Raising average service revenue
The T-Mobile One plan costs $70 for a single line, but as little as $140 per month for four phones. The average T-Mobile plan has 2.6 customers per account, each paying $47.11 per month. Assuming accounts taking T-Mobile up on its free iPhone 7 offer are similar to its average account, T-Mobile should see a significant increase in average service revenue per customer.
It's hard to think of a case where customers will end up paying less than they currently pay after "upgrading" to T-Mobile One. That's clearly part of management's intent.
After several years of taking customers away from AT&T, Verizon, and Sprint by competing on price and added value, T-Mobile is making efforts to raise prices and attract more family plans.

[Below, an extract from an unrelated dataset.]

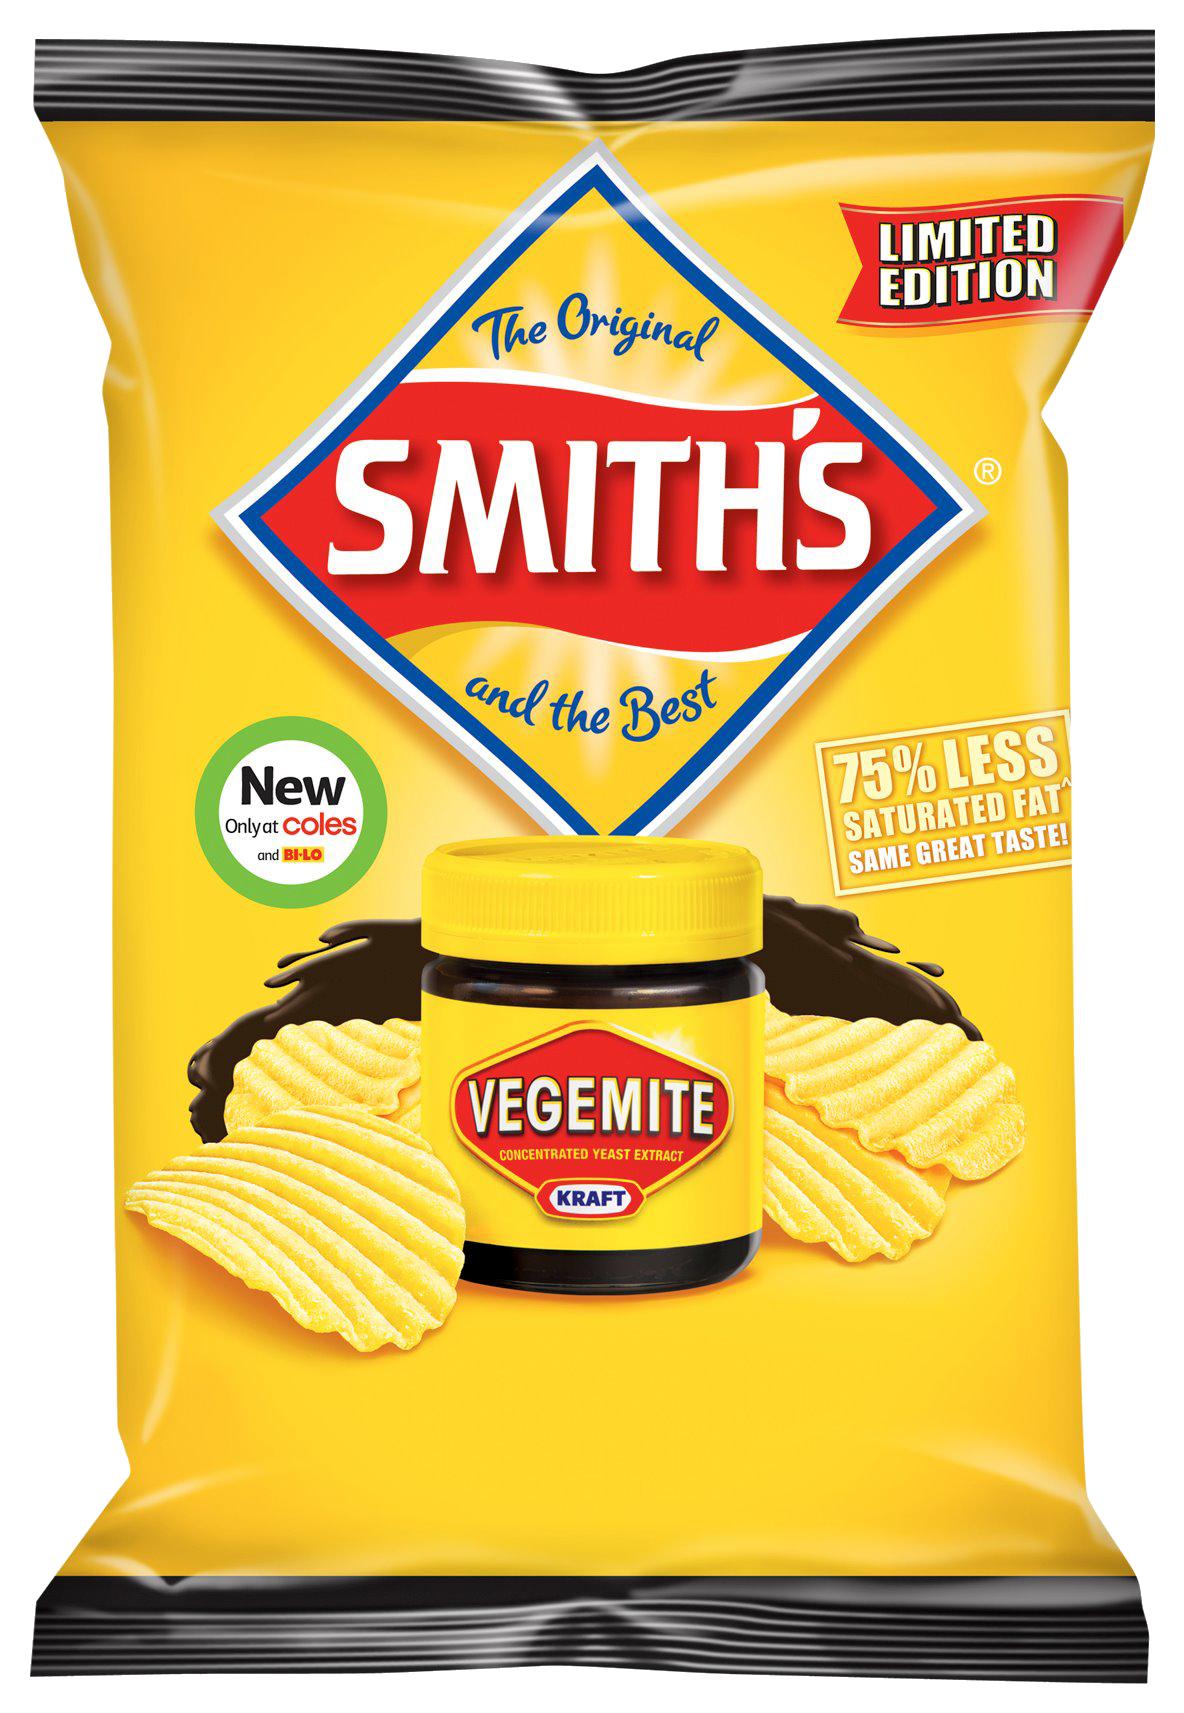 Vegemite flavour crisps

While T-Mobile One is effectively a price increase for existing T-Mobile customers, it might be an attractive option for AT&T and Verizon customers. AT&T's average postpaid phone subscriber pays $59.80 per month for wireless service. Verizon doesn't break out phone subscribers specifically, but all postpaid subscribers (including lower-cost tablets, wearables, and internet-of-things devices) paid an average of $48.04 per month. As such, T-Mobile One may offer better value to those subscribers in areas where T-Mobile has a strong network.
Attracting family plan customers
The one factor that could prevent T-Mobile from increasing its average revenue per subscriber is if it attracts a huge proportion of family plan customers (that is, three or more phones per account). T-Mobile would certainly be happy with that result.
Family plan customers tend to stick around longer than individual customers. They require multiple users to coordinate the switch, which can get complicated -- especially if those customers all upgraded their phones at different times.
T-Mobile is lagging behind the competition in family plans. As mentioned, its average account has 2.6 subscribers. Verizon, for comparison, boasts 3.02 subscribers per account.
A new iPhone release is possibly the best time to grab family plan subscribers. The iPhone is by far the most popular phone in the United States, grabbing around 44% of the market, according to data from comScore.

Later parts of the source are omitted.